Примечание авторов: * В поэме Тристан и Изольда, Тристан, когда ложился с Изольдой в одну постель, клал посредине кровати меч, ибо девушка была предназначена другому, а пуритане Новой Англии использовали в таких случаях доску.
Тем более я накрепко вбил себе в голову, что мои очаровательные телохранительницы – это мои названные «сестренки». А слово «сестра» для меня свято. К тому же было видно, что я девочкам тоже нравлюсь, но они при этом не торопят события и предпочитают видеть во мне эдакого «братца», о котором надо заботиться и которого надо опекать. А забота «сестричек» была куда приятнее, чем забота слуг. Слуги делают это по обязанности, а Анна и Феодора вкладывали в заботу хотя бы немного личного чувства, ведь я же был для них красавчиком и нравился обеим, и в то же время мы оставались как бы родственниками, в силу чего не переходили барьера. А после того случая, когда Феодора пыталась закрыть меня от пули, она стала моей боевой побратимкой, вступать в отношения с которой было для меня сродни святотатству. Впрочем, и Анна воспринималась мною точно так же, да только Феодора нравилась мне чуточку больше.
Впрочем, на самом деле этот запрет подполковника Бесоева покидать русскую дипломатическую миссию означал только то, что местный народ, желающий хотя бы одним глазком увидеть сербского принца, стал собираться у ее стен. Как рассказала Анне немного разоткровенничавшаяся прислуга, полиция получила приказ князя Фердинанда отпустить покушавшегося на меня человека, потому что тот был якобы не в себе. И передал он тот приказ через адъютанта князя, генерал-майора Данаила Николаева. Такое глупое решение могло насмерть рассорить Болгарию и Сербию, но мой папа (такой умница!) промолчал, потому что понял, что как раз возмущения и резких слов наши враги от него и ждут. Зато не промолчал Санкт-Петербург: оттуда прислали такую ноту, что она должна была сопровождаться ураганом, небесным громом и градом, который побьет посевы. Недопустимо просто так отпускать человека, только что покушавшегося на наследного принца одной из правящих в Европе фамилий. Впрочем, в самой Софии возмущение было ничуть не слабее, и люди толпились возле представительства, желая увидеть меня собственными глазами, а также послушать, что я еще могу сказать. Несколько таких депутаций я принял в последний день. Я выслушивал извинения, пожимал руки и уверял, что из-за одного сумасшедшего я ни в коей мере не перестану быть сторонником дружбы с Болгарией.

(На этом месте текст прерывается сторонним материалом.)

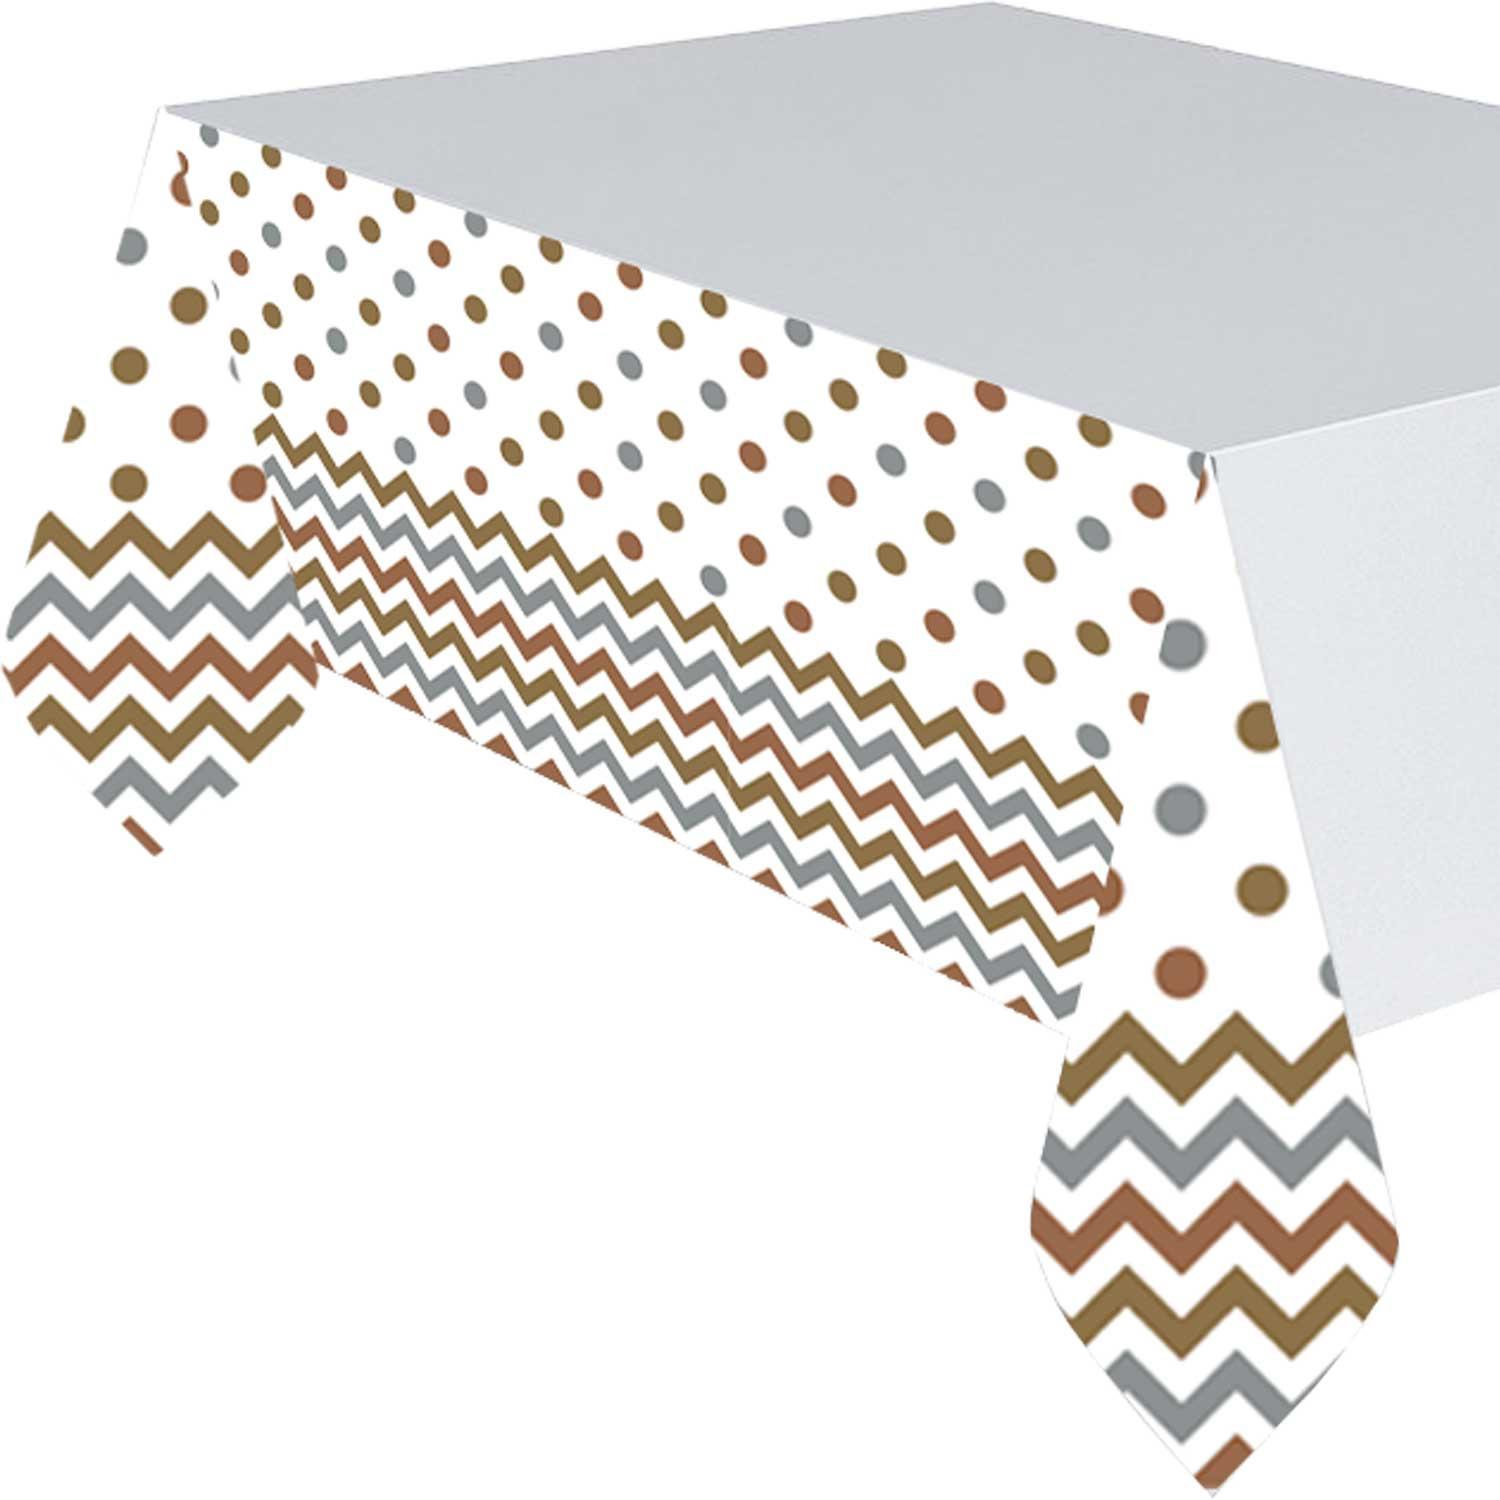 Mixed Metals Chevron Party Plastic Table Cover 54x102in Printed Tableware - Party Centre

И так было до момента, когда мы на софийском вокзале сели в поезд и отправились в Варну. Наши проводы едва не вылились в грандиозную политическую манифестацию за мир и дружбу между Сербией и Болгарией. Подполковник Бесоев при этом потирал руки и говорил, что так даже лучше: патриотические силы в Болгарии сумеют быстрее сковырнуть князя Фердинанда. Уже потом я понял, что и моя популярность, и непопулярность князя Фердинанда были в некоторой степени обусловлены действиями специальной агентуры, которой руководили люди, являющиеся коллегами Николая Бесоева. Настроения народа искусственно возбуждались, в результате чего трон под болгарским монархом, поставившим себя в зависимость от воли западных держав, ощутимо заколебался. Но Фердинанд в этом сам был виноват. Он правит этим народом в течении двадцати лет – и до сих пор не понял, какие вещи для болгар священны, а какие являются пустым звуком. Впрочем, большой любви я к нему не испытываю: он всегда был австрийской креатурой и при этом оставался себе на уме. А такое до добра не доводит.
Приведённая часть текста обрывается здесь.